Nice looking place, by the way. If I'm ever in the neighborhood....


----------



## mainstation (May 25, 2011)

Anyone else thinking the Overlook Hotel?  
paging Jack Torrance.



Seriously, your commitment to that much wood and the work involved is commendable.  I wouldn't do it, personally. 

Good Luck.


----------



## wendell (May 26, 2011)

Neat to see what you are doing. Didn't make it through Como too many times but many, many trips through the Fairplay speed trap when I lived in Woodland Park and would head up skiing. Will never forget hitting a rain and hail storm one summer and holing up in the Fairplay Hotel. One of the coldest experiences of my life. Then got hailed on by another storm when I got to Divide.

I really miss Colorado!


----------



## Como (May 26, 2011)

Weird today, 3 layer morning, then about 1.00 it really warmed up, by 2 it was T Shirt weather, then as soon as the sun dipped below the horizon it dropped 20 degrees.

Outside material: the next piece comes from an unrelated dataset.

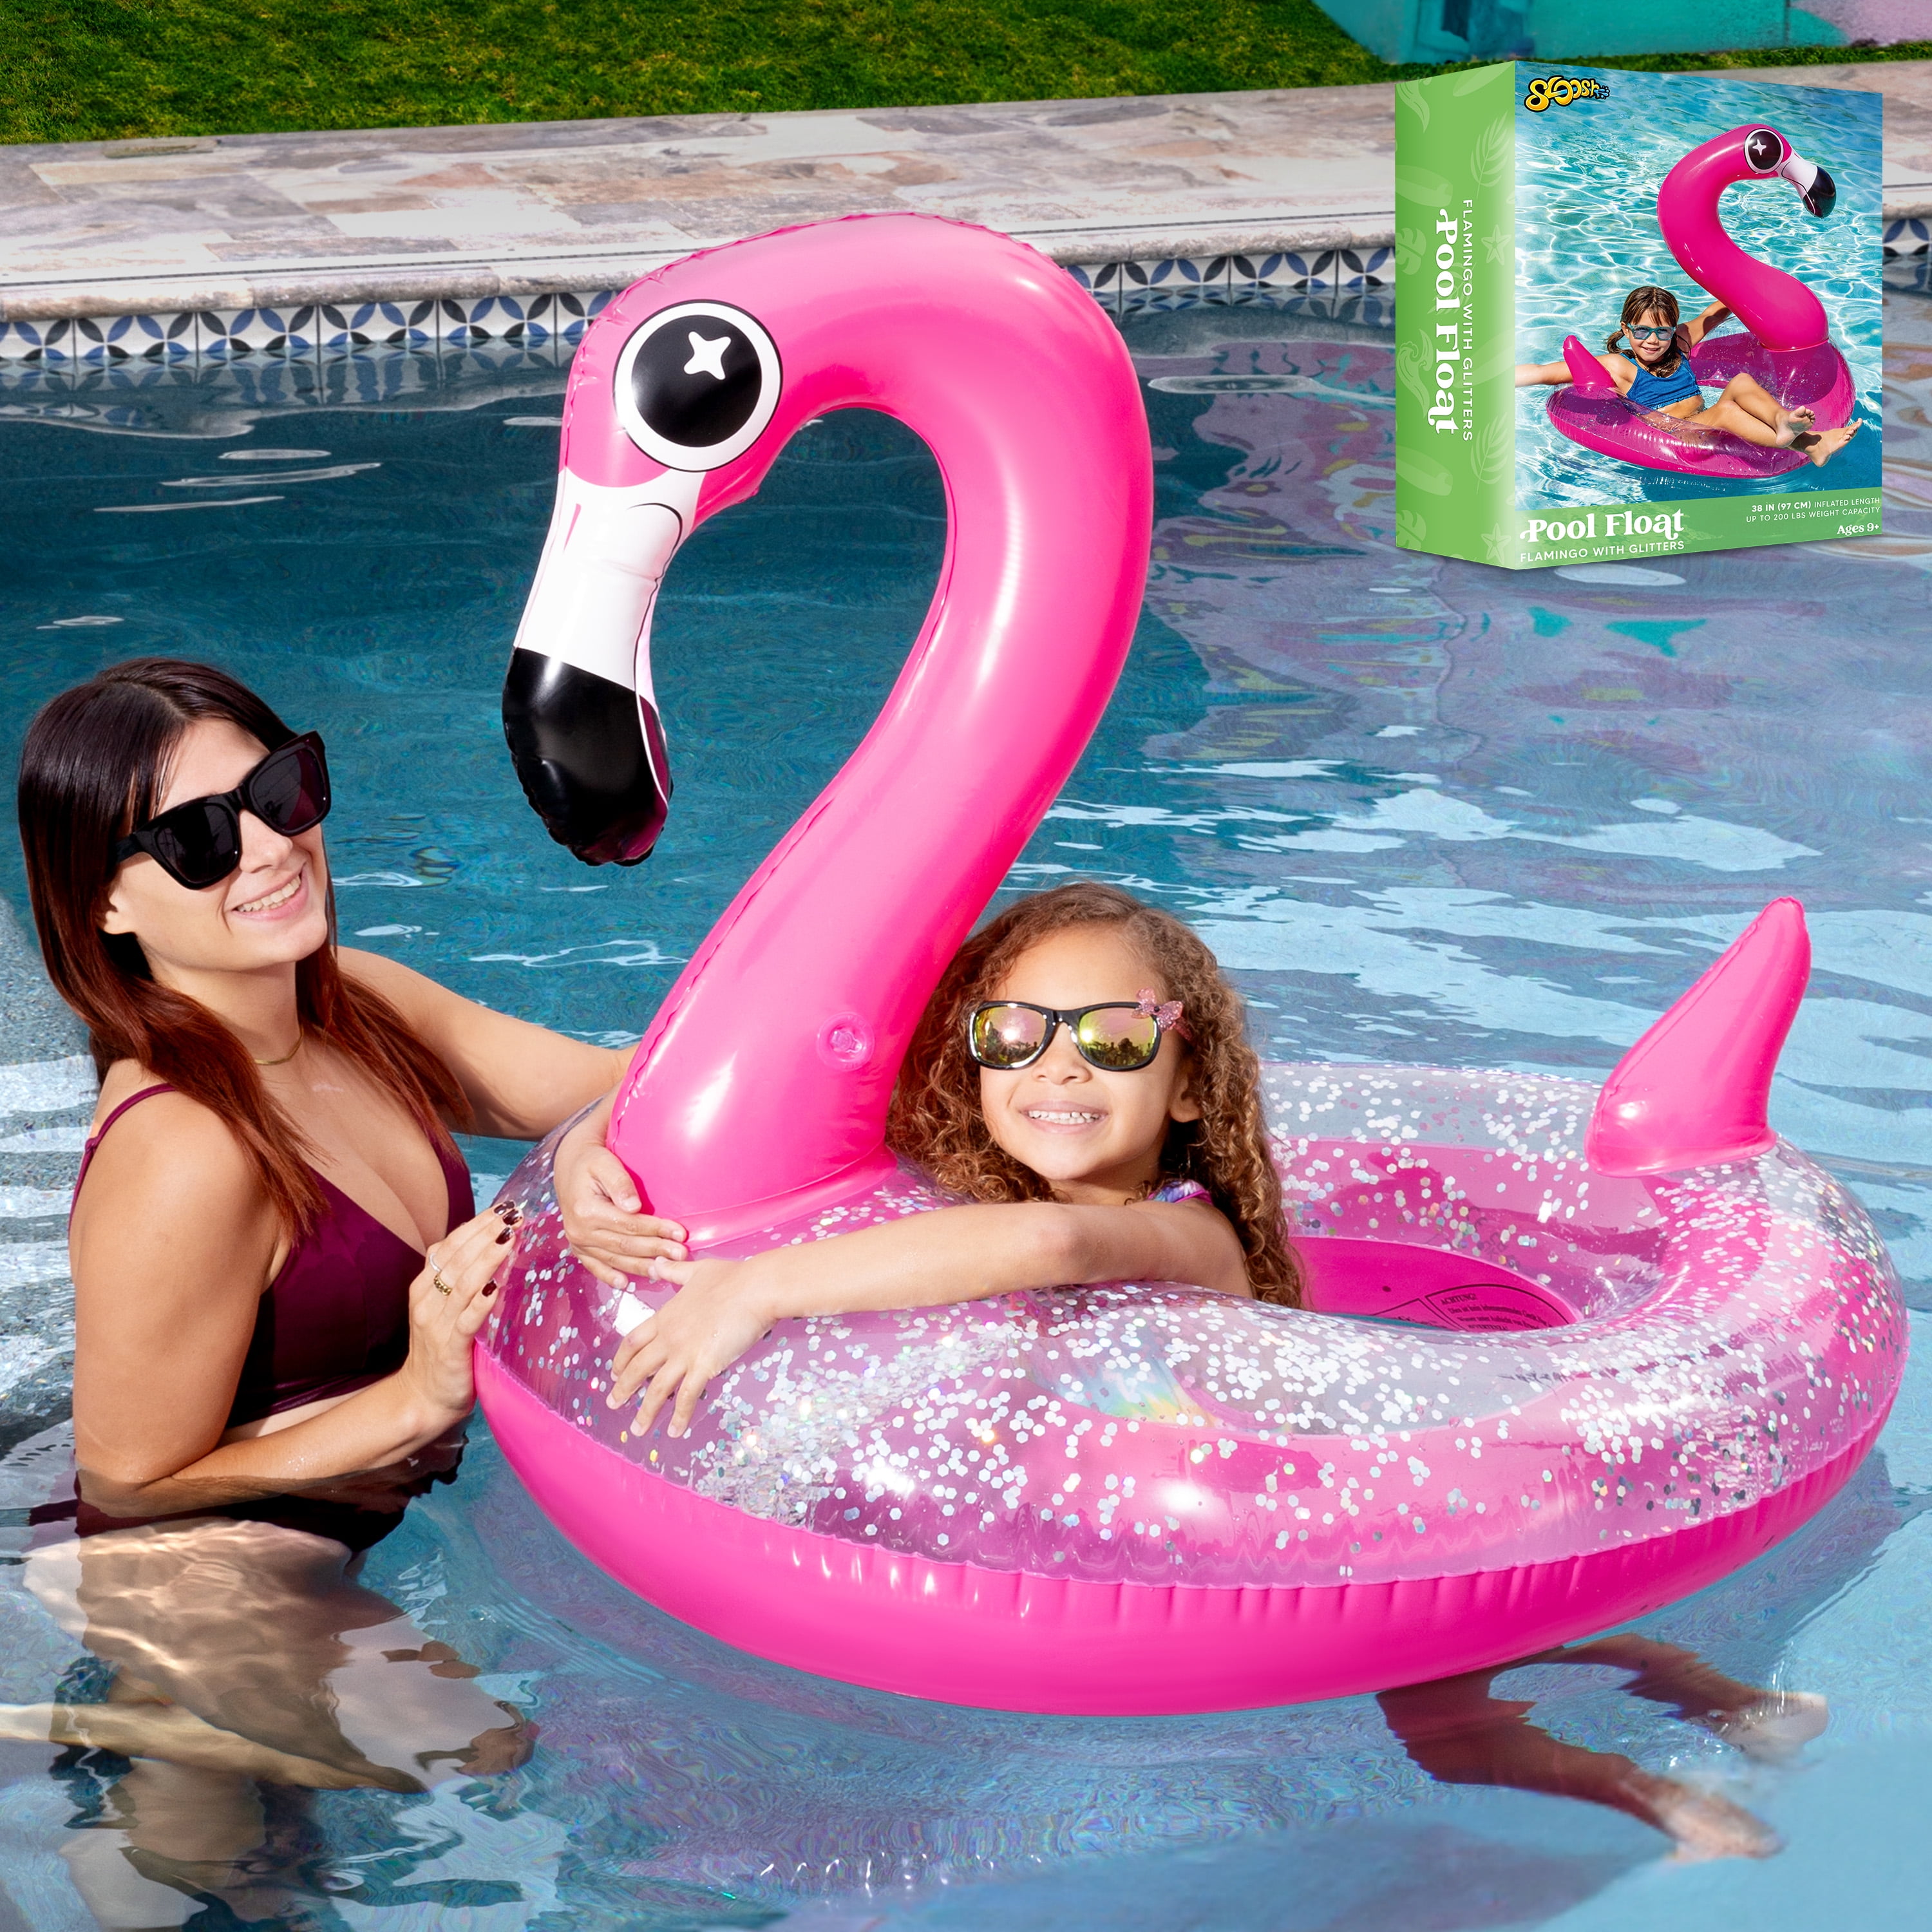 Syncfun Inflatable Flamingo Pool Floats

The weird bit was the T Shirt element.

PS Work out the Propane cost! Ouch.


----------



## wendell (May 26, 2011)

You live in South Park and you are surprised by that why?  :lol:


----------



## Como (May 26, 2011)

Surprised that I could get away with a T Shirt in May, today is the same temperature, but the wind blowing, so at least one more layer on the West side of the building than the East.

PS Our South Park is that South Park.


----------



## wendell (May 26, 2011)

Como said:
			
		

> PS Our South Park is that South Park.



I know.  :lol:


----------